A fronteira é bem mais extensa, toda ela terrestre e habitada por boa quantidade de grupos indígenas – entre os quais os Yanomami – e outras populações tradicionais. Esse contingente, por certo, tomará partido da Venezuela.

Isso quer dizer que a passagem da rodovia asfaltada pela cidade de Pacaraima (RR), por onde têm entrado os refugiados venezuelanos, é apenas um detalhe da região fronteiriça.
Tirando o Equador, os demais sete territórios nacionais da Amazônia são limítrofes ao Brasil e, em maior ou menor escala, serão afetados por um eventual conflito. Especialmente a Guiana, o Suriname e a Guiana Francesa.

A hoje esfarrapada diplomacia brasileira vai acabar se metendo na histórica disputa territorial da Venezuela com a Guiana e pode acabar sobrando também pra Guiana Francesa, que é um condado (estado) além-mar da França. Ou seja, o governo francês irá tomar satisfações.

É certo que uma guerra na região envolveria também a marinha e a aeronáutica de ambos os países, até porque Caracas, a capital bolivariana, está bem longe, lá do outro lado, à beira-mar. E quase um terço da população do país, de 32 milhões de pessoas, está na sua região metropolitana.

Há, por trás de tudo, os interesses geopolíticos dos EUA e das indústrias bélicas que financiaram as campanhas do presidente Donald Trump naquele país e do Coiso, aqui.

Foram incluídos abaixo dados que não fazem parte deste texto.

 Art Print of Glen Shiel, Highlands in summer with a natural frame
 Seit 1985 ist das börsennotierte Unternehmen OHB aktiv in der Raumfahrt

São por demais conhecidas, por exemplo, as relações do candidato brasileiro com a Taurus, principal fabricante de armas em solo brasileiro.

Prevalece, porém, a pretensão ianque de controlar fisicamente o Caribe e toda a parte Norte da América do Sul. Fazem parte dessa estratégia o cerco a Cuba e o domínio sobre o Canal do Panamá, importante ligação dos oceanos Pacífico e Atlântico.

No entanto, vale repetir, o Brasil nada tem a ver com isso. Mas, caso haja uma possível desgraça eleitoral, a gente pode esperar pelo pior.